I got a new pipe for myself! (This is probably rarer for makers than collectors, LOL...) I'd been meaning to make myself a new one for a long time, and with the Christmas season coming up I decided to make myself a personal Christmas pipe, drilled to fit Savinelli 7mm balsa filters to mellow out some of the aromatic tobacs I end up smoking during the holidays to pacify the family at gatherings. Here's the pipe:
And yes, that is a dark green stain with a marbled green band attached to a faux-amber stem. Garish, I know, but I wanted Christmas-ey, festive, and fun. And it's nice just to have a new pipe to smoke, too - First in a while. I do like to make myself samples from my stock to live with for years, just to see how they perform and behave over the long haul. This one is another longterm test of this particular green stain's durability. The stem is the weird bit, though. When we bought the French biz, among the mountains of parts and pieces we got was a box full of diamond-shaped faux amber stems just like this. They're really beautiful and I'd love to use them on Ligne Bretagnes to sell, but I have not been able to because of their bizarre surface color problem. Well, pictures may explain better...

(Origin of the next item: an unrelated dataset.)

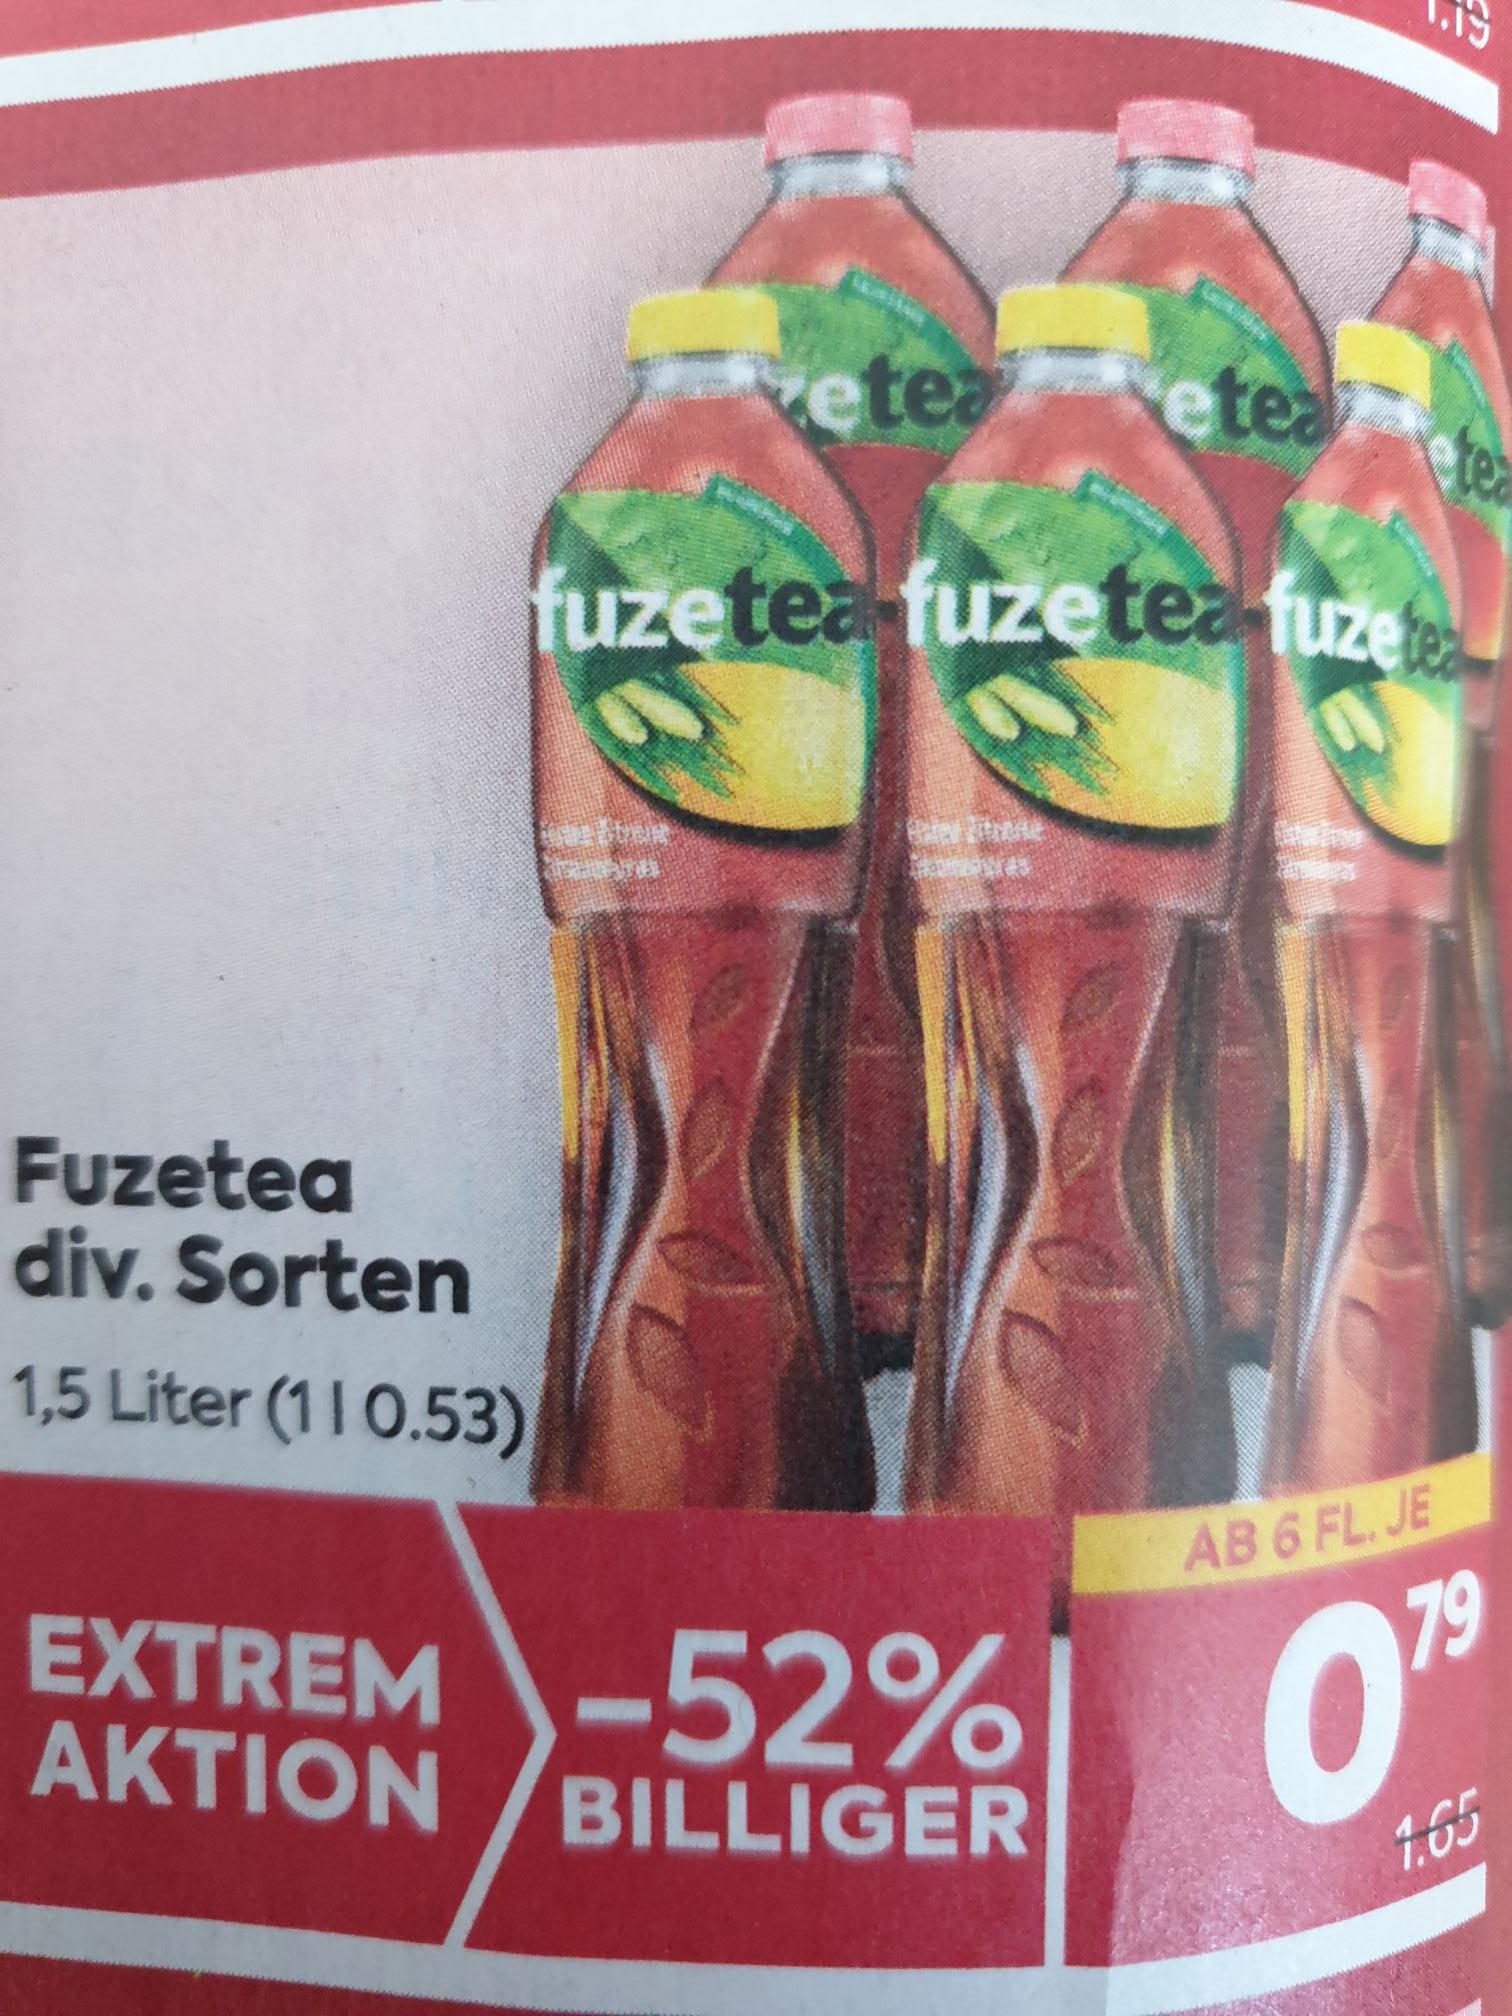 FUZETEA 1.5l um 0.79 € ab 6 Stück 02.06.-09.06.

When I first found these stems I was all excited because I thought they were really beautiful, but when I went to sand and compound them, I quickly found they had a really strange characteristic - The exterior orange tint comes off! In the pic above, what you're seeing is the orange exterior coloring of the stem and the stem's face around the tenon is the pale white interior color, which becomes apparent the minute you do any sanding or firm compounding of the material, because the orange comes off like stain. It's very strange, and I've never encountered anything like it before. I don't know where the stems come from or how old they are, but the odds are, "very", so it's left me wondering if the color is an effect of oxidation on the stem exteriors over the years. Maybe they started off whitish and just yellowed on the surface with time. Because I can't imagine any manufacturer actually staining stems, and as it's some form of polyester resin cast, it would never penetrate anyway so its usefulness would be nil.
Weird.
My pipe's stem retains its color because all I did to it was flatten the end, drill the hole for the tenon and filter, and then *very* lightly clean buff the exterior, to avoid removing any of the color. This is fine for me but wouldn't be suitable for a pipe to sell, as it's got a number of fine scratches and surface ripples in it. Smokes great, and the color doesn't come off on my lips or in use, which makes me think oxidation of surface material is the answer.